- Material provided
....................

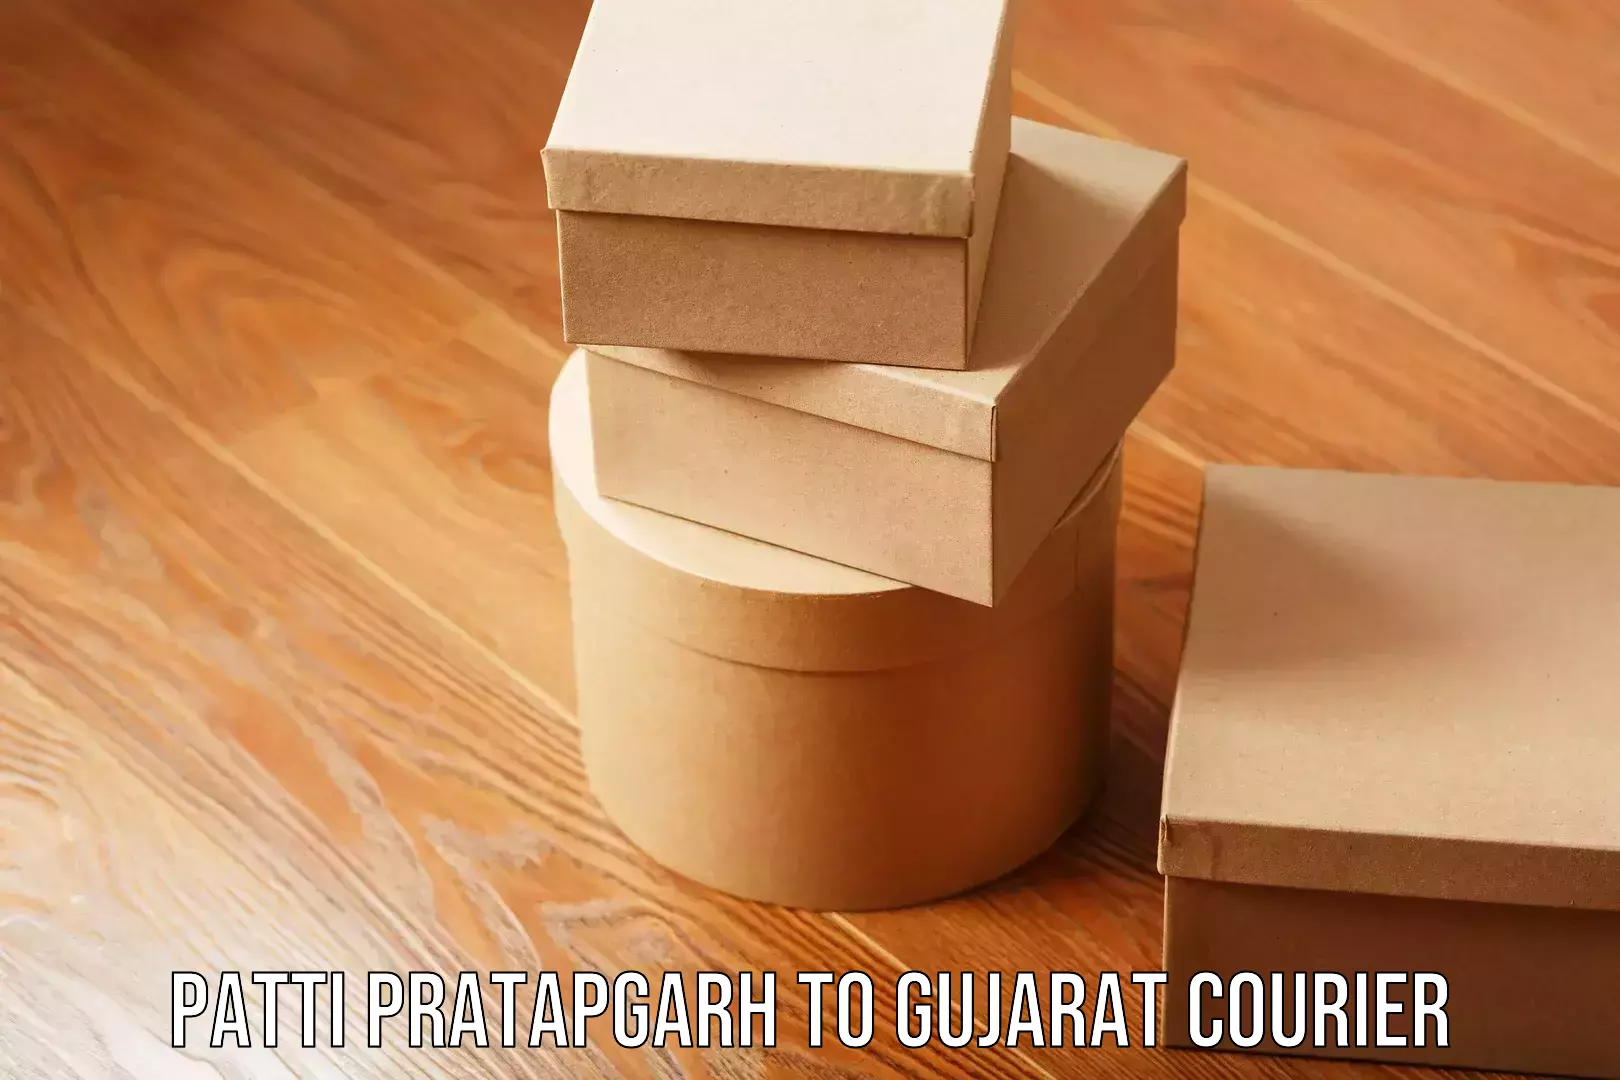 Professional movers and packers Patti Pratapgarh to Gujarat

....................

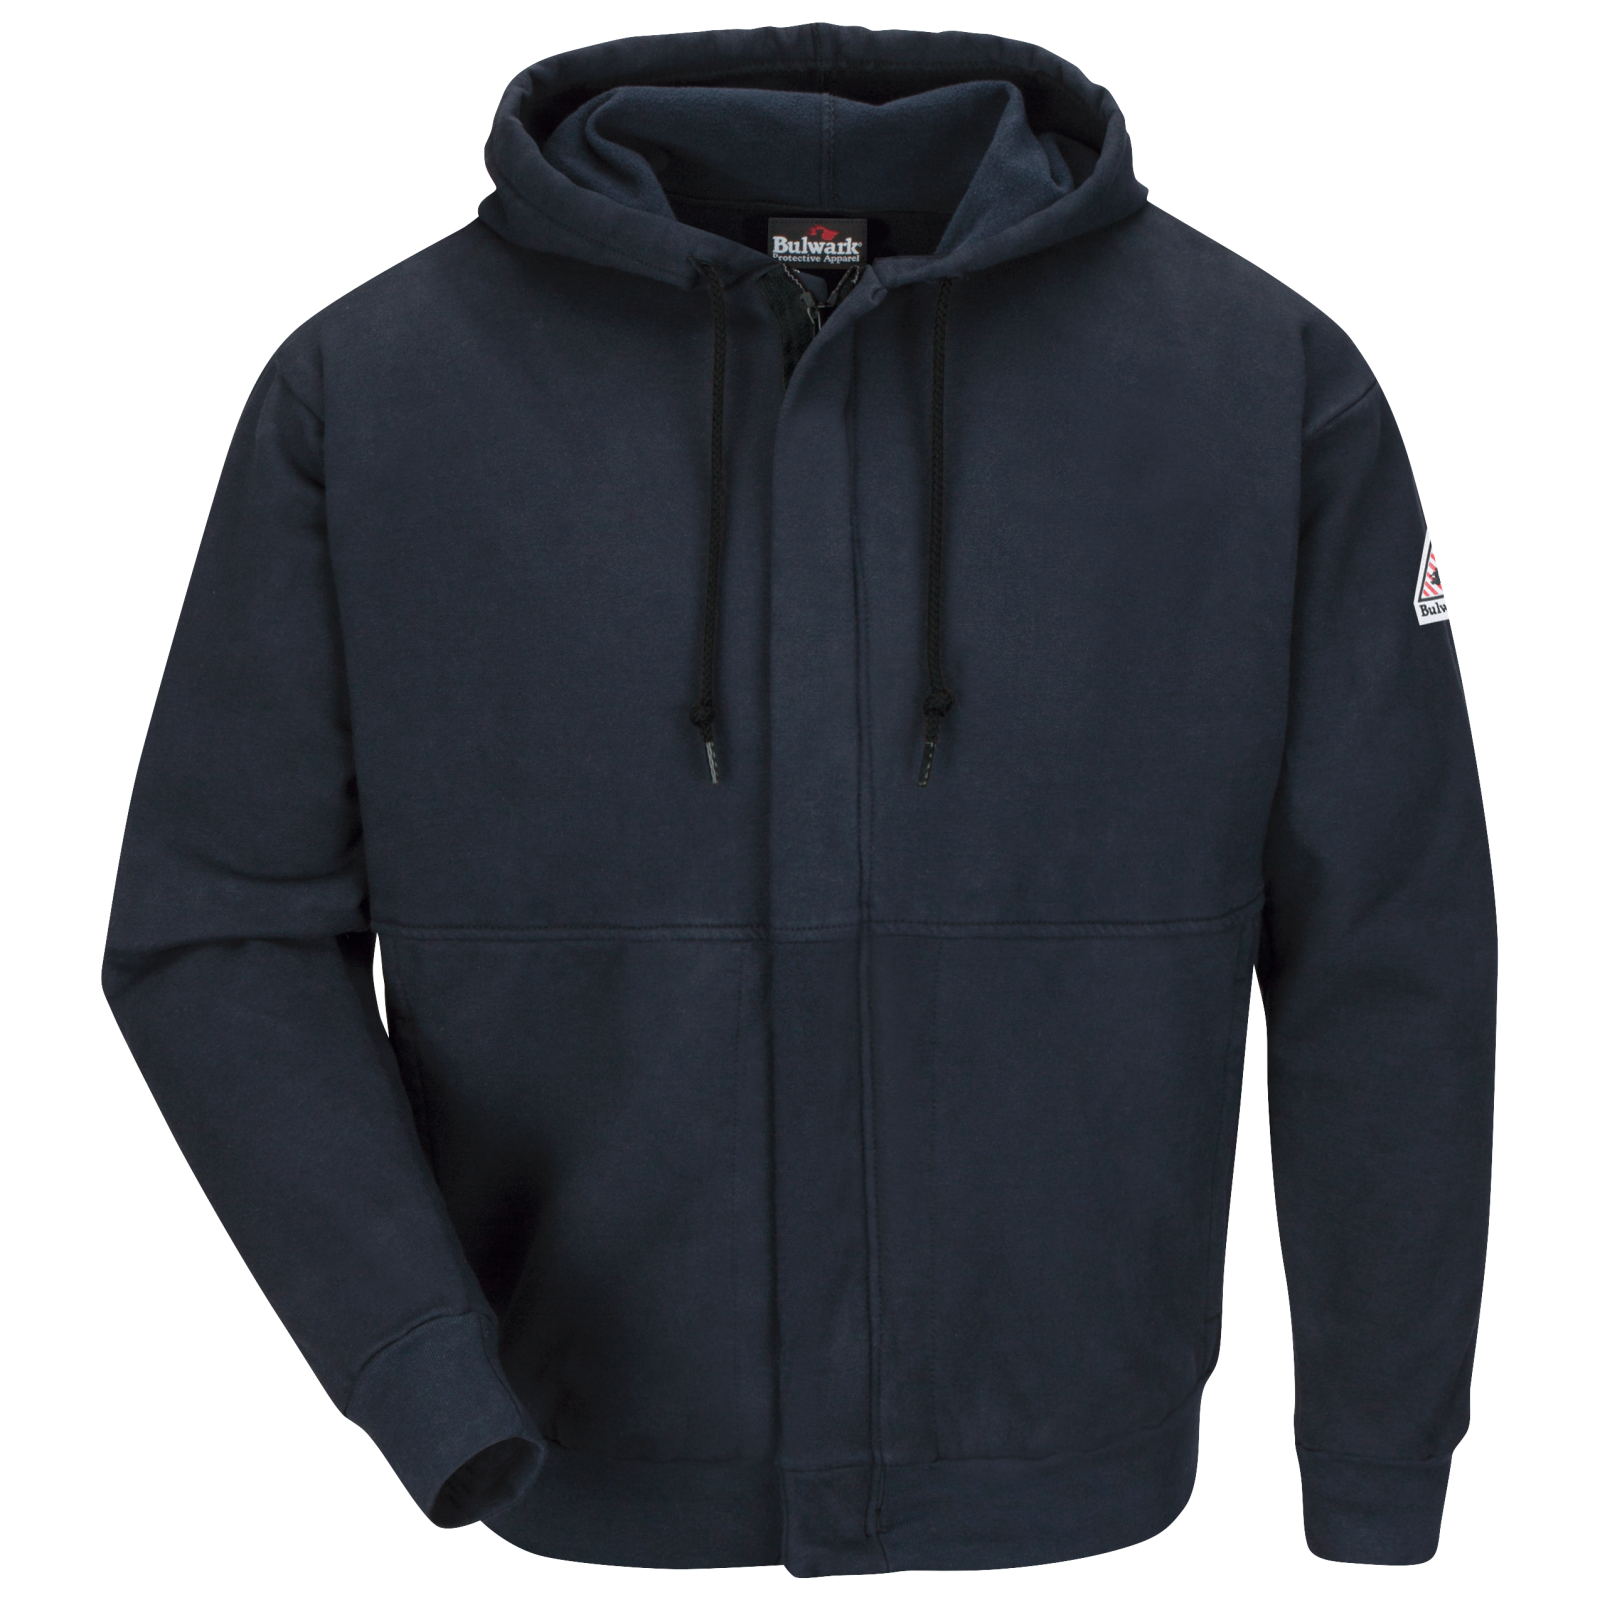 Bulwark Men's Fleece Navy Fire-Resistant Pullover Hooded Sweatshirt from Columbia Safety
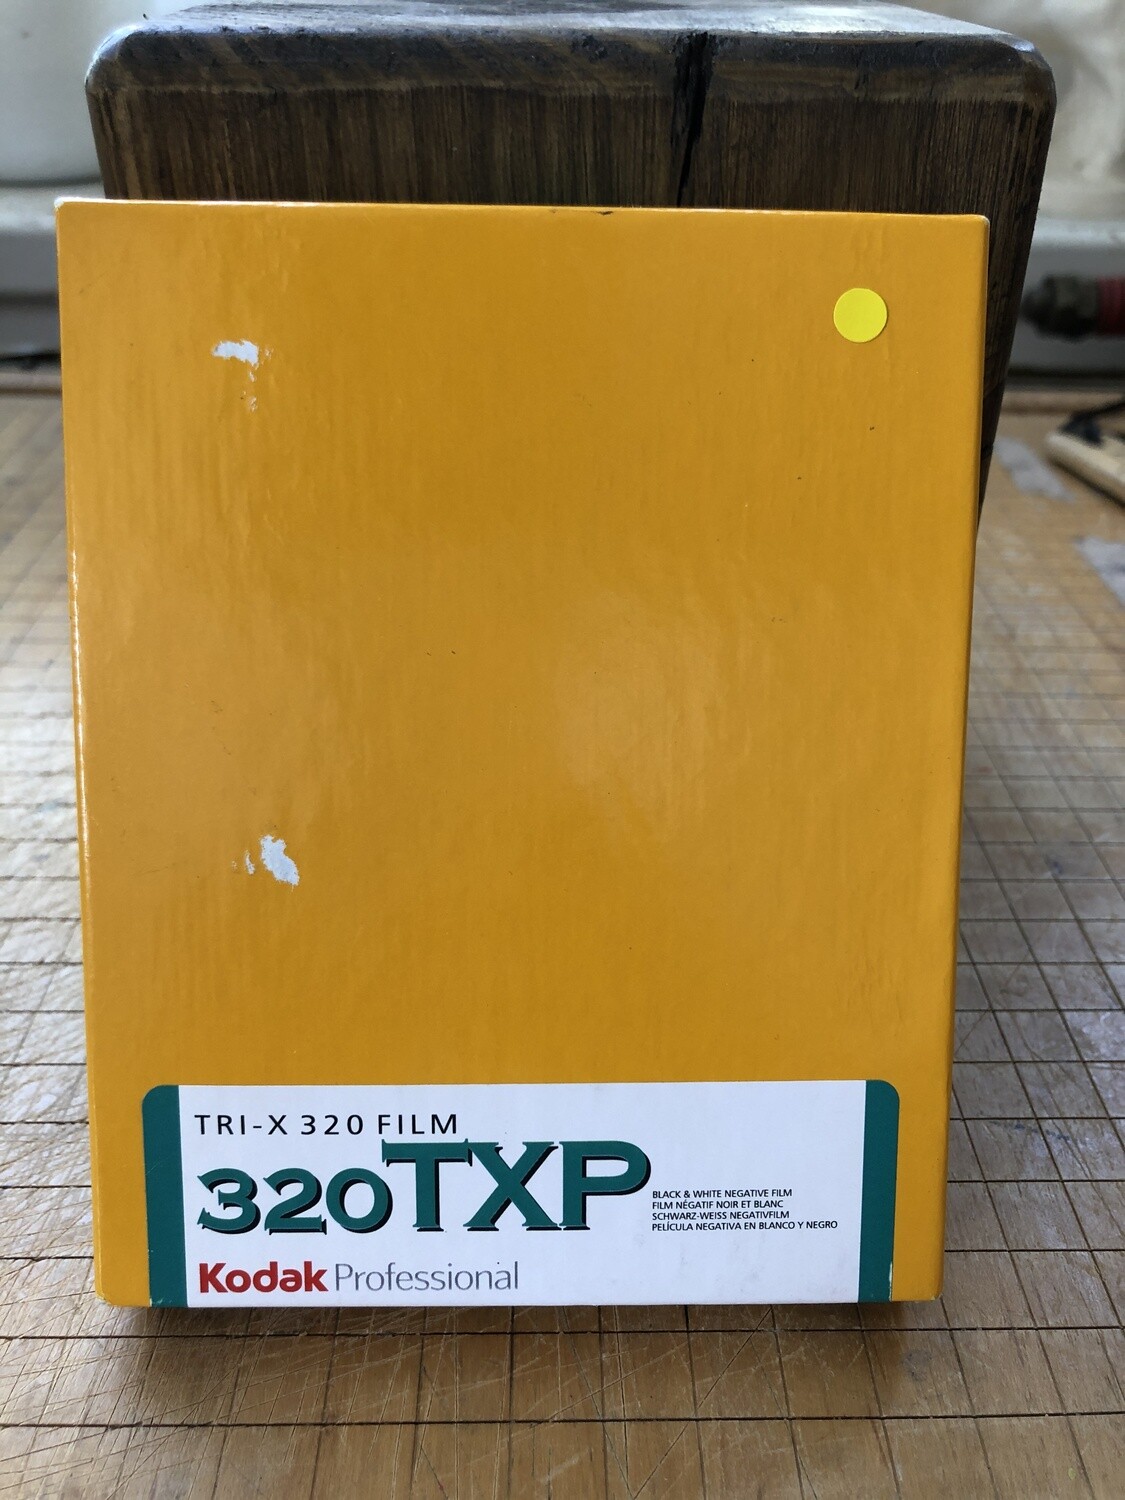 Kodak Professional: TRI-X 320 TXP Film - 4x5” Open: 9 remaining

....................

- Activity
Range to copy from the listing above: the line with "Bulwark Men's Fleece" through the line with "Kodak Professional: TRI-X". Transcribe it exactly and skip the pictures.

- The completed task
 Bulwark Men's Fleece Navy Fire-Resistant Pullover Hooded Sweatshirt from Columbia Safety
 Kodak Professional: TRI-X 320 TXP Film - 4x5” Open: 9 remaining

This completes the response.